Equivalent line impedance of the cloth power supply at points of common connection PCC will arrive at points of common connection PCC etc. as one of clustering target
Distributed generation resource similar in value line impedance is polymerized to one kind.
2, cluster classification number and initial cluster center are obtained using the cover clustering algorithm first, then poly- by fuzzy C-mean algorithm
Class algorithm further clusters in detail, solves the problems, such as that Fuzzy C-Means Cluster Algorithm is overly dependent upon initial cluster center.
3, the complexity that detailed model is greatly reduced by the Equivalent Model that clustering algorithm obtains is meeting error requirements
In the case where substantially reduce simulation time.
Detailed description of the invention
Fig. 1 is that the present invention is based on the flow charts of the distributed generation system equivalent modeling method of clustering algorithm.
Fig. 2 is the distributed photovoltaic power generation system detailed model schematic diagram of one embodiment of the invention.
Fig. 3 is the flow chart that clustering algorithm is used in the present invention.
Fig. 4 is cluster result-subordinated-degree matrix signal of the distributed photovoltaic power generation system of one embodiment of the invention
Figure.
Fig. 5 is cluster result-classification results schematic diagram of the distributed photovoltaic power generation system of one embodiment of the invention.

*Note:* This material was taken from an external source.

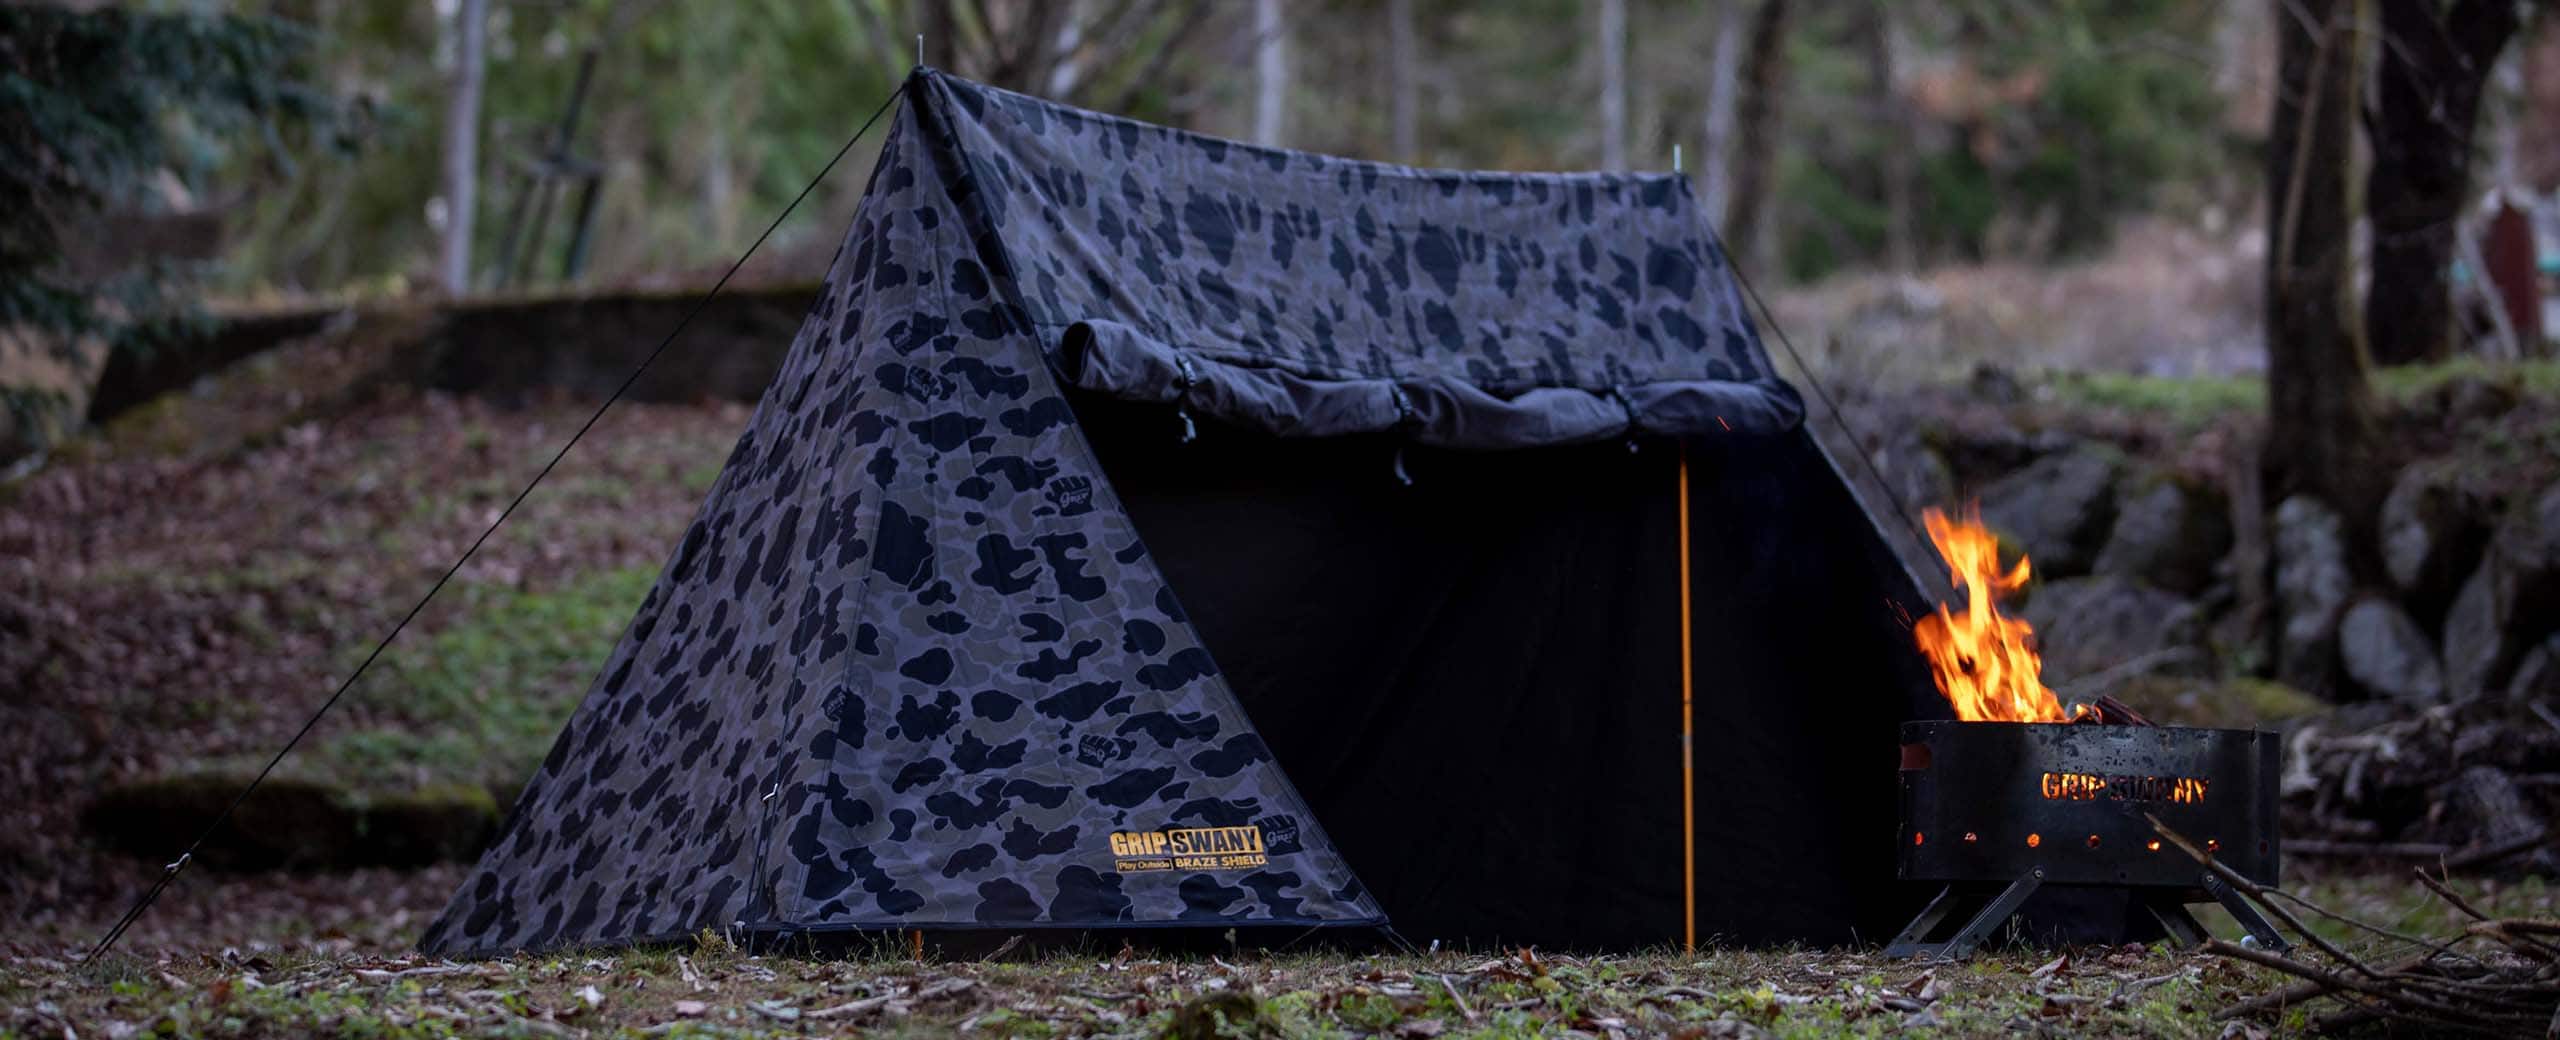 GRIP SWANY×atmos FIREPROOF GS TENT

Fig. 6 is the detailed model and Equivalent Model simulation result comparison diagram of one embodiment of the invention.
Specific embodiment
Distributed generation system of the present invention includes n distributed generation resource and h common bus, wherein h and n are
Positive integer, and h≤n, distributed generation resource and transformer series are followed by common bus, and common bus is tree topology, public mother
Branch point on line is node, and all common bus converge at points of common connection PCC and access power grid.Fig. 2 gives this
The distributed photovoltaic power generation system detailed model schematic diagram of invention one embodiment.It may be seen that in the present embodiment, it is distributed
Electricity generation system includes 140 distributed generation resources and 5 common bus.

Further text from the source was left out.